The present approach utilizes the foil dispenser described in the '909 patent
or a
similar type of approach, but goes further to define the nature of the
pyrophoric
foils that are most effective in distracting various types of infrared sensor.
The
present approach also goes beyond the approach of the '909 patent to define
the
modulated dispensing pattern to effectively respond to a variety of threats
under
the highly uncertain attack conditions described in the prior paragraph. An
important consideration in the modulation and dispensing analysis is the most
efficient use of the pyrophoric material, so that it may be dispensed over
extended
periods of time in a preemptive manner.
[0017] The present approach is based upon the concept that, assuming the
worst case that the sensor of the missile has already acquired the aircraft
signature,
it is necessary first to initially distract the sensor from the aircraft to
the dispensed
infrared sources, and then to hold the attention of the sensor on the infrared
sources for a sufficient period of time that the sensor does not re-acquire
the
aircraft signature. The infrared sources fall further and further behind the
aircraft
as the aircraft flies away from its dispensed pattern or the dispensed pattern
falls
away from the aircraft.
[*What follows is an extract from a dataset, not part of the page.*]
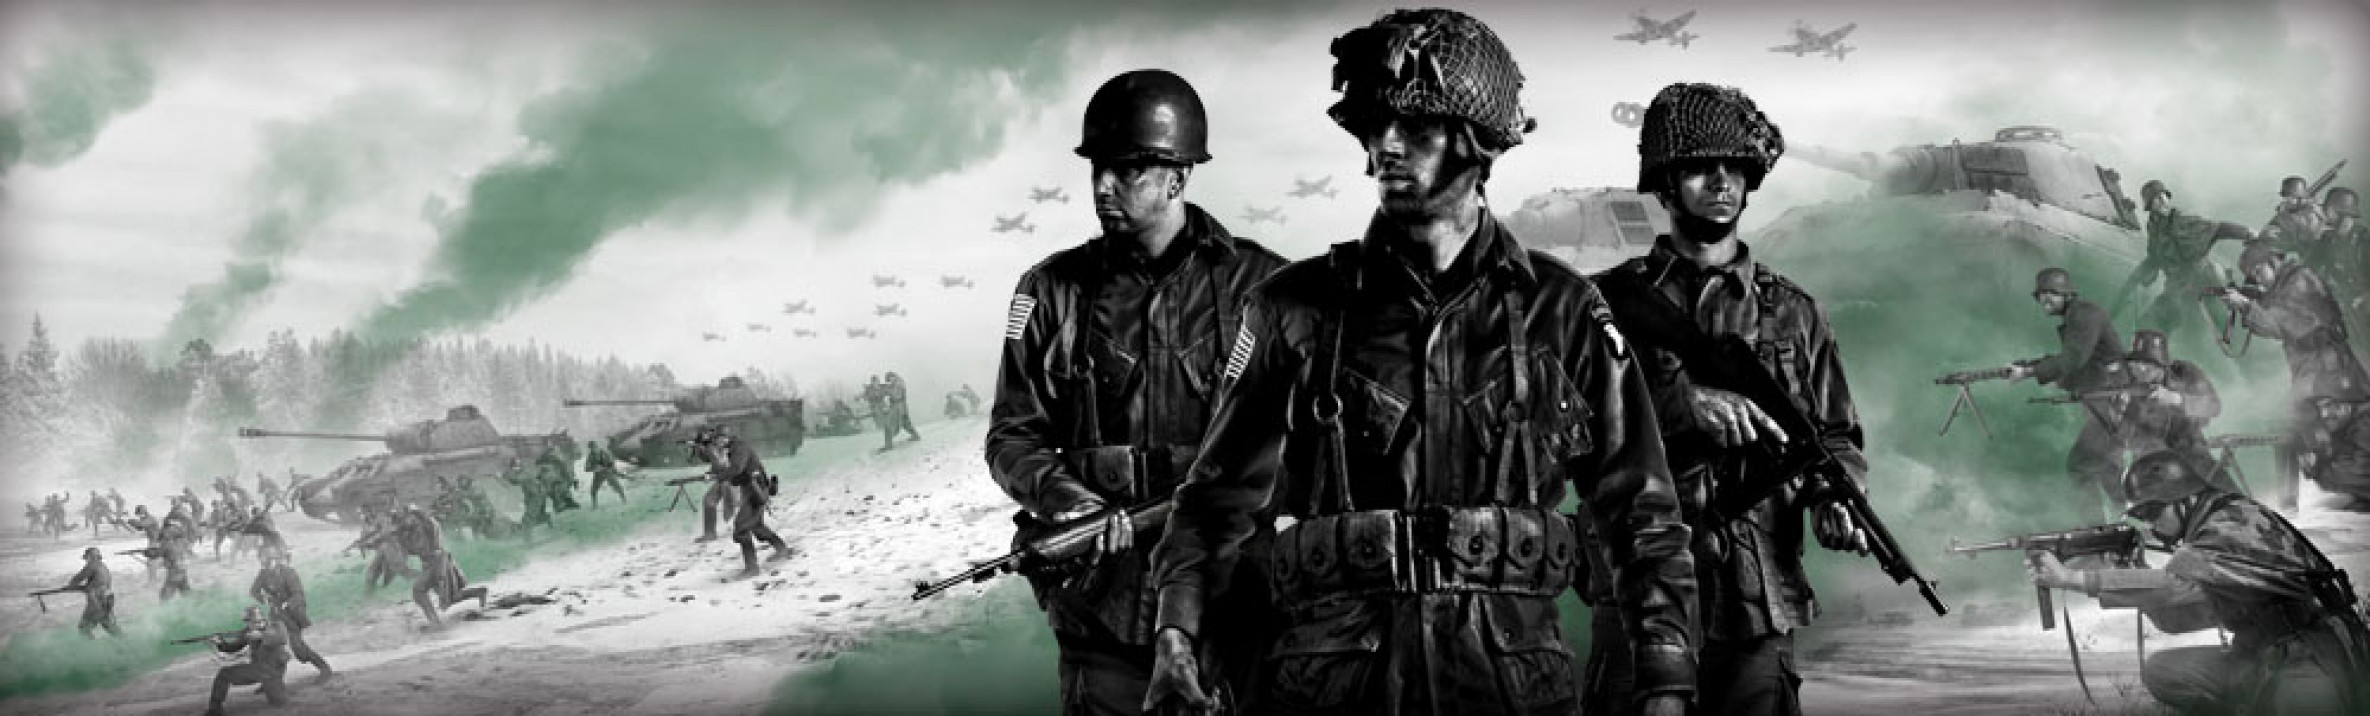 company of heroes 2 ardennes assault cover image

As a result, even if the counter-countermeasures
capability
of the missile later determines that it is pursuing a signal that is not the
aircraft,
it will not be possible for the sensor to re-acquire the aircraft due to the
limited
field of view of the missile and the movement of the aircraft.
[0018] Other features and advantages of the present invention will be
apparent from the following more detailed description of the preferred
embodiment, taken in conjunction with the accompanying drawings, which
illustrate, by way of example, the principles of the invention. The scope of
the
invention is not, however, limited to this preferred embodiment.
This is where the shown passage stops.